British Museum buys traditional Indian painting to stop from being sold overseas

Tuesday 07th January 2020 10:14 EST

British Museum has bought a masterpiece 'The Trumpeters' by one of India's greatest painters, Nainsukh of Guler, saved from export after being purchased. Described as a work "unparalleled in North Indian art" - had its licence for export blocked in 2018 by the Secretary of State for Digital, Culture, Media and Sport, in order to enable a UK institution to raise the £440,000 required to stop it from being sold overseas. It is believed to have been painted between 1735 and 1740.

With the support of Art Fund, the National Heritage Memorial Fund and the museum's Brooke Sewell Permanent Fund, it has now joined the collection of the British Museum and will remain in the UK. It has gone on free display in the Museum's Sir Joseph Hotung Gallery of China and South Asia.

The painting, depicts a traditional musical performance in Northern India. It shows seven musicians playing Pahari horns with long pipes known as turhi, and their cheeks puffed out with the effort. It is a highly impressive and unusual example of the artist's work, combining aspects of Nainsukh's early work with some of his later achievements.
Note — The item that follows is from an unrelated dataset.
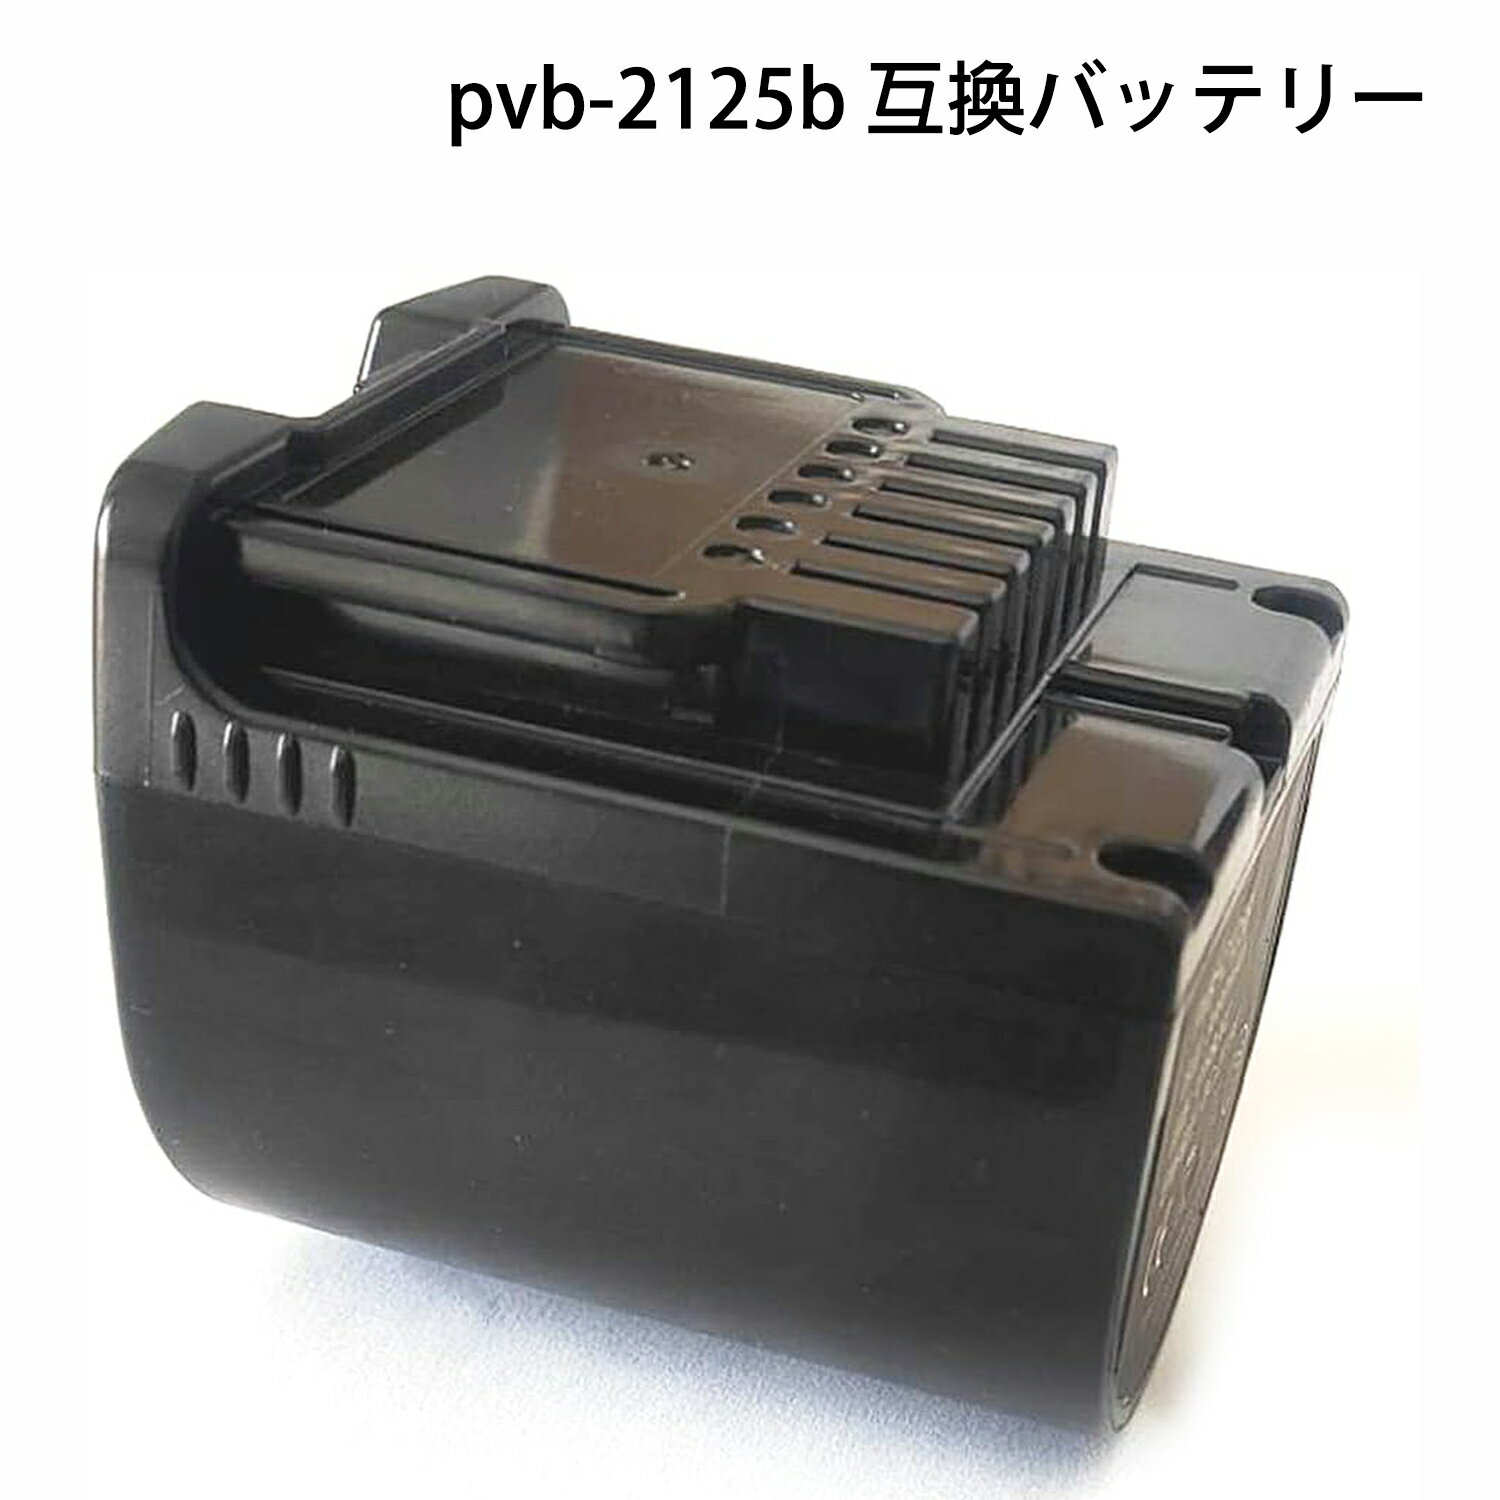 PVB-2125b pv-beh900-009 コードレス掃除機バッテリー pv-bfh900 pv-beh800 pv-bh900g PV-BL50J PV-BL50K 非純正 互換品

It was purchased by the painter Winifred Nicholson during a tour of South Asia around 1920. After her death in 1981 it remained with her family and now enters a public collection for the first time.

Nainsukh is the most famous and highly regarded artist of the Pahari or 'Hill' style of painting, that developed in the hills of Punjab in north-west India. He is famous for his detailed observation and depiction of people and places, portrayed through highly original and dynamic compositions. Three other masterpieces by Nainsukh of Guler was donated in 1940s and are also in the collection of the British Museum.